Staples (the Edible Kind) Episode 1

Jan 20, 2010 20:47

 Alright--being creative is great and all, but sometimes we just need a staple to fall back on once in a while when there's no time or desire to think.  Today is one of those days; a snow day where I just didn't feel like thinking!  So, to start this new series, here's a dinner staple that I've been doing very well with for the last few years:

Three-Piece Instant (Healthy) Dinner

Ingredients:

Lean protien
Grain or potato
Frozen Veggies

Directions:

I know, some of you are thinking; why do I need a recipe for this?  Well, some of us (me) at some point (when I joined WW and now and most likely again in the future) need a kick in the pants about how to portion our meals (again, mostly me).  Here's what I learned:

1.  Choose a lean protein (usually I go with a boneless chicken thigh or a pork chop...tonight it happened to be steak!).  Season appropriately.
~Steak:  salt and pepper usually works for this.  Use grilling seasoning if you need more.
~Pork chop:  Lemon-pepper (so tasty!) or salt/pepper/garlic powder
~Chicken:  Lemon-pepper, chili spice rub, or salt/pepper/garlic powder
~Fish:  Salt/pepper/garlic powder.  Or dill weed and lemon juice
To cook, I'd wait until the rice is almost done.  Heat a pan to med-hi heat.  Melt some butter, then add the meat.  Cook about 2 min on each side.  (3 for pork/chicken).  You don't want to dry it out, so keep an eye!

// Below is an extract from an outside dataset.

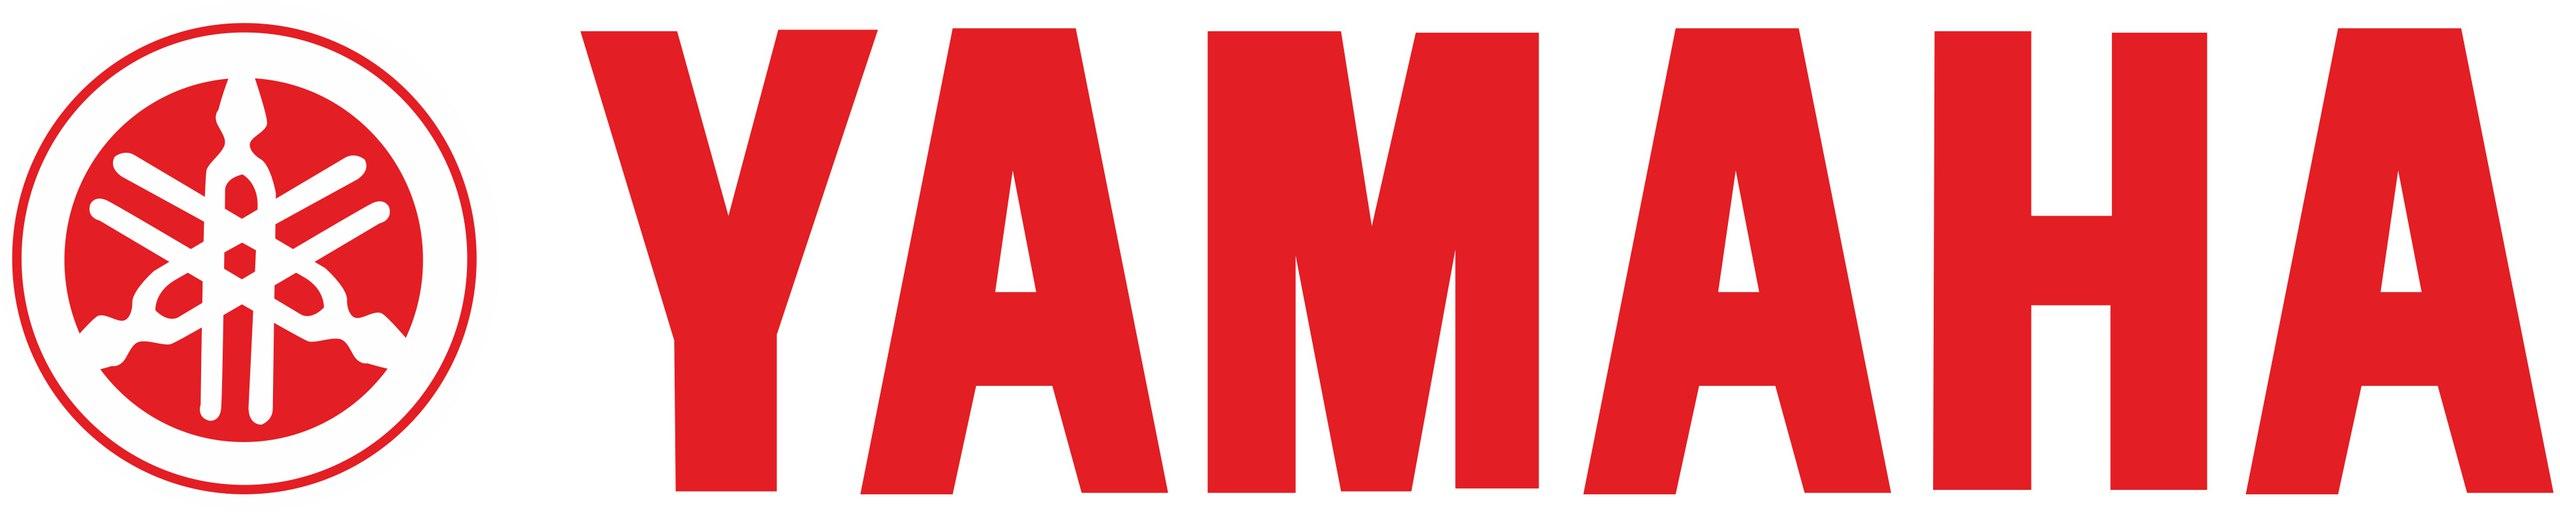 2560x512 Yamaha Logo Vector Free Vector Download

2.  Choose a grain or potato.  Remember, this will be the longest cooking part of the meal.  Rice works well (tonight it was red rice and wild rice mix).  Boil the right amount of water (2-2 1/2 C).  When boiling, add the rice and a little chicken bullion (optional).  Simmer for 15-25 minutes (or if you're me, 10 years and you still end up draining the water!)
~For potatoes, rinse, prick with a fork, wrap in a paper towel, and nuke 'em for 4 minutes each.  Fast and easy!
~Other good choices:  couscous (about 5 min), quinoa (don't forget to rinse!)

3.  Choose your veggies.  I enjoy mixes (broccoli/cauliflower/carrots, peas/carrots, etc.).  Place desired amount in a microwave safe bowl and defrost for ~2-3 min on high (covered).  When defrosted but not "hot", add a bit of butter, s/p, and garlic powder.  nuke for another 2 minutes.

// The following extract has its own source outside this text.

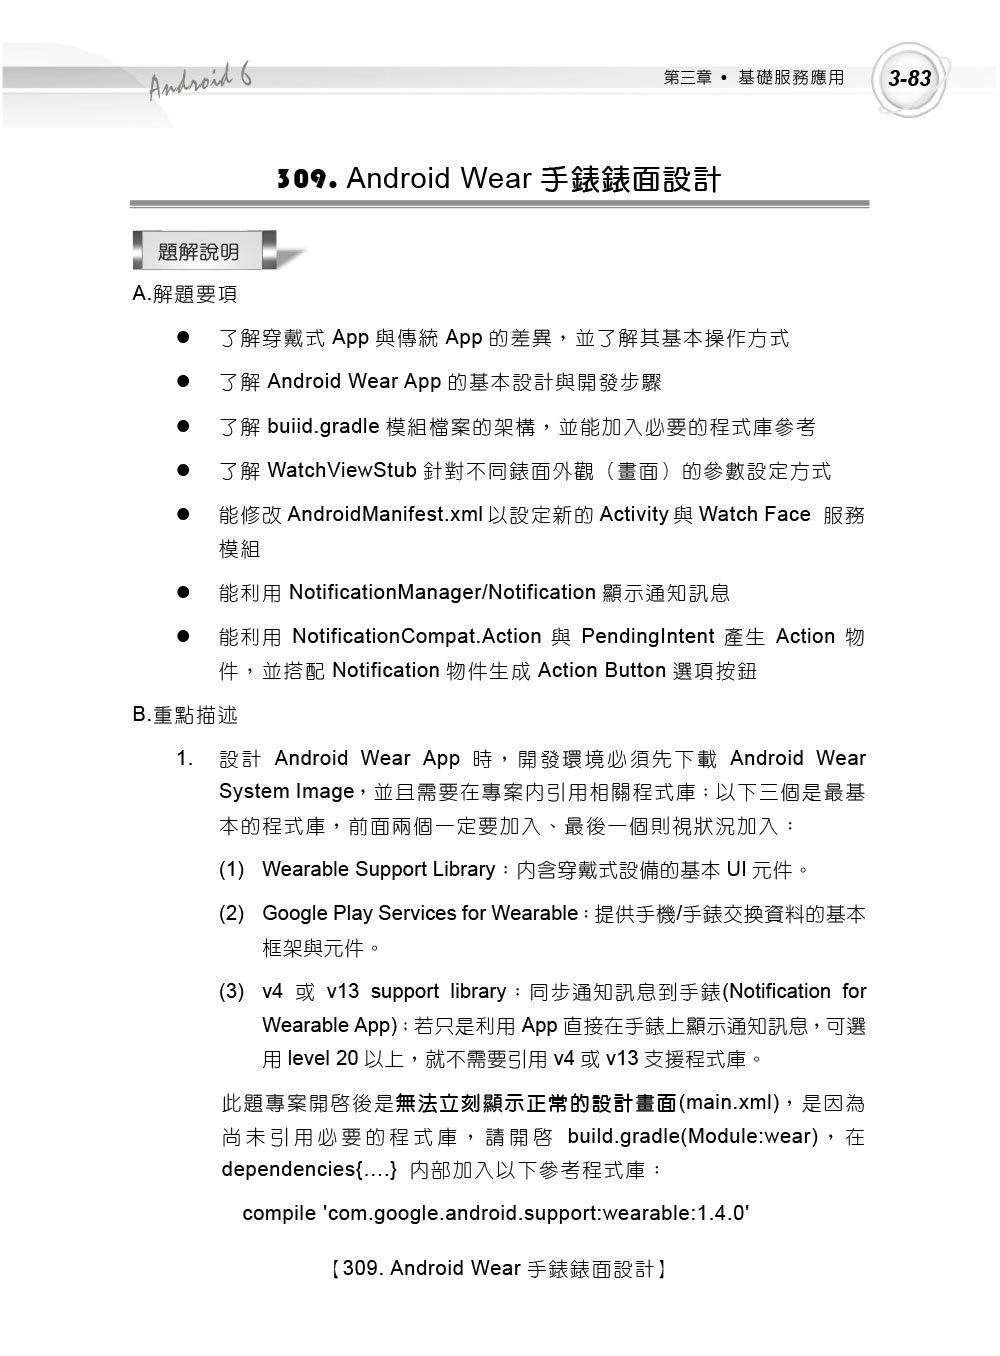 TQC+ 行動裝置應用程式設計認證指南解題秘笈 -- Android 6-preview-12

So there you have it; for a night where you don't want to think, here's a simple meal that's ready in less than 30 minutes (again, unless you're me and the rice takes FOREVER to cook!).

Tonight's dinner was:
~ Beef chuck steak 6 oz. (thin sliced, makes it look bigger and cook faster) seasoned with s/p/garlic powder, browned in butter
~ Red rice/wild rice combo (1/2 C of each) seasoned with 1 tsp chicken bullion in the water
~"California Blend" frozen veggies (broccoli/cauliflower/carrots) seasoned with butter and garlic powder

Cooking time: 30 minutes
Calories (for one): 565 (would be lower with a different meat!)

I'll continue with staples posts sporadically.  Sometimes it helps to think of simple things alongside the creative ones.  Good night all!  Happy snow!